Carol Howard Merritt: Marvelous Mrs. Maisel, can you save us from being hot messes?

 

My daughter and I were watching "Marvelous Mrs. Maisel" when Midge Maisel pulled out her measuring tape and began to write down the size of her ankles, calves, and thighs. While she checked her proportions, we laughed at the ridiculousness of it.

Then my daughter said, "Actually. I kind of like that she's vain and not shallow. She has substance. They don't make characters like that." I looked at the beautiful young woman next to me and smiled. She grew up with the train wrecks of Miley Cyrus and Lindsay Lohan. Now she inhabits the world of Lena Dunham and Amy Schumer-highly talented women who love to portray themselves as hot messes.

I've been having an ongoing conversation with Cindy Wang Brandt about this "hot mess" phenomenon in our world of religious writing. (Cindy sent this to me this morning.) I first felt it when I was looking for agents. I had countless conversations about my marketability as a human. My brand. My hook. I was told, "Don't write that you're a pastor. Women pastors don't sell."

I looked around at all of the successful women spiritual writers and found prolific, talented "hot messes." Then this amorphous discomfort became concrete when someone tweeted a Kate Bowler lecture about it.

Don't get me wrong. I welcomed the "hot mess" thing. When I got married, Martha Stewart was our cultural icon. I remember a close friend almost had a nervous breakdown while making pecan garland from Martha's magazine. Let that sink in. She was trying to drill holes through hard nuts for a string to put over her fireplace. Back then, we didn't even have Instagram or Pinterest to show off those decorations. That's how weird those days were.

Of course, then Martha spent some time in the slammer and started cooking with Snoop Dog. And everything became right with the world. We all took a deep breath and quit trying to present Christmas dinner like we live on a grand estate in Connecticut. White women became more relatable in general. Mostly because we were all screwed up.

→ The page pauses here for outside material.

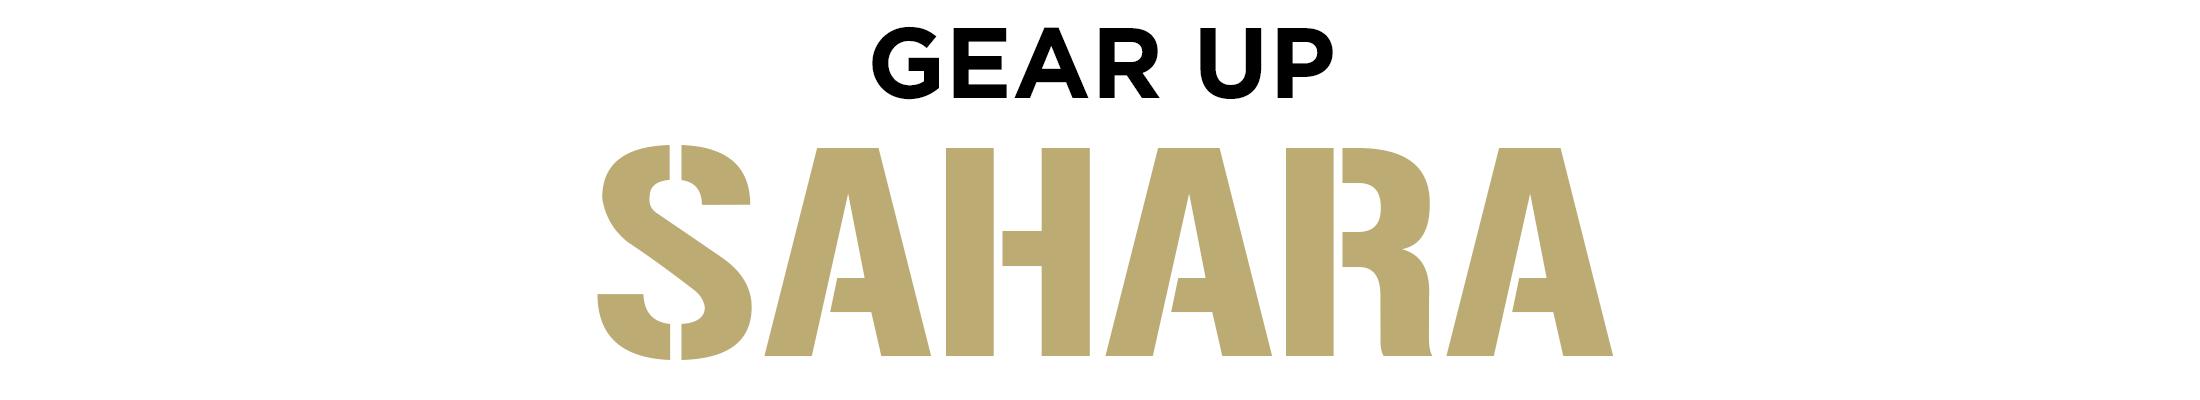 header-text
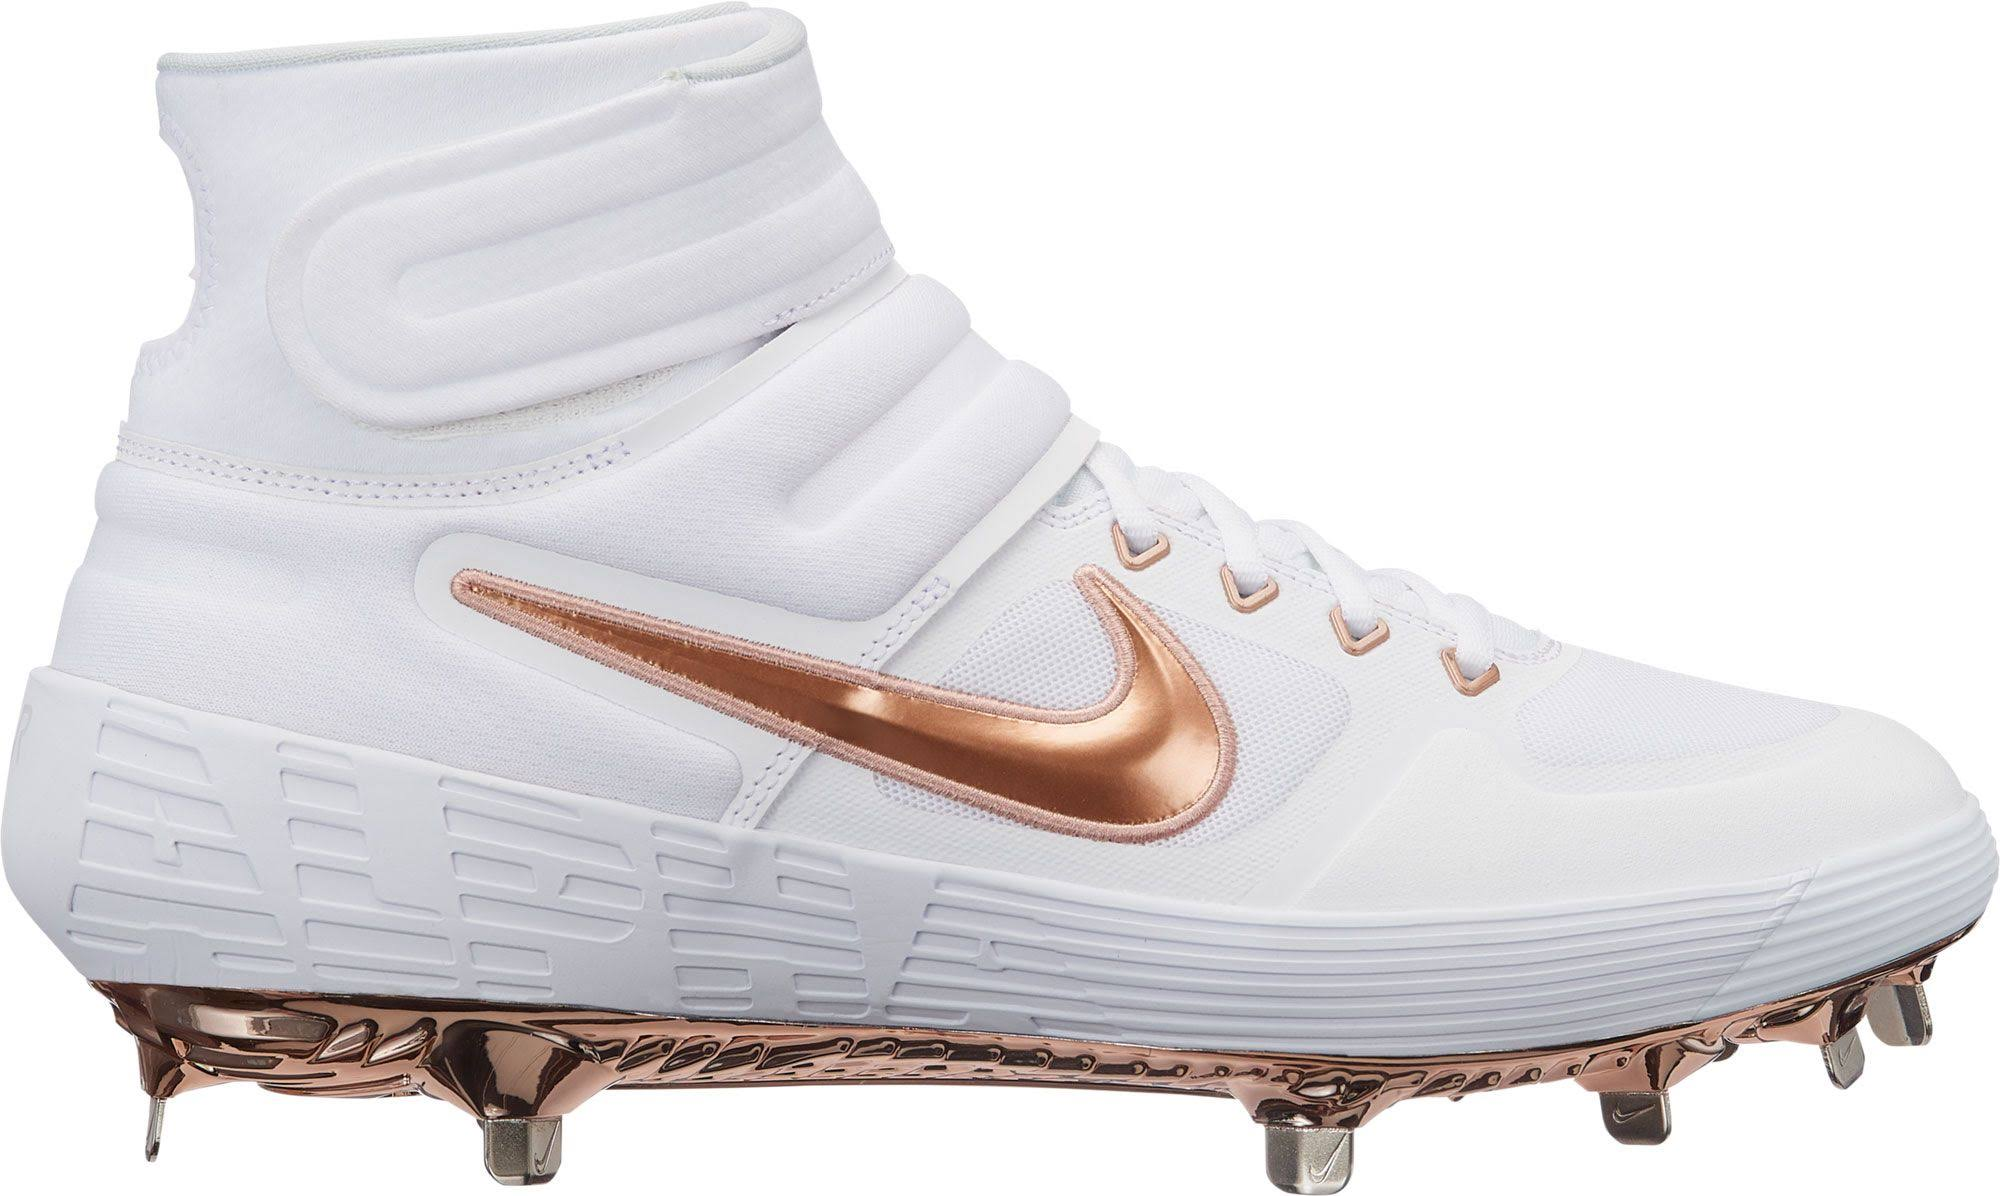 Nike Rojo Puro De Metálico Botines Bronce Para Béisbol Platino 2 Alpha Huarache Elite Hombre Blanco pZCExwqU

Unfortunately, we were no longer strong women facing messy situations. We became the mess. Of course, I'm painting with a white-washed broad brush. I cannot ignore the glowing queens of this age-Beyonce and Meghan Markle-who have no time for this nonsense.

We turned back to the television. Midge Maisel has a waist the size of a dime and goes through ridiculous shenanigans so that her husband won't ever see her without a full face of makeup. Then she tries to find her voice, persona, and even her name. She's fighting back the social constraints of the 50's, while she remains utterly reliant on them. She gets in a few great Jewish jokes about Methodists. By the end of the season, Midge manages to be ravenous and unkempt at the breakfast table. She becomes hungry, it seems, to stop pretending that she is something that she is not. Her imperfections show.

But this is the difference.  For Mrs. Maisel, the mess of life is something that happens to her. It is not her. She is resilient. She has depth.

And now, I'm wondering, could Mrs. Maisel swing the pendulum again? Can women be smart, deep, funny-and even pastors-when life throws a whole lot of hot mess at us?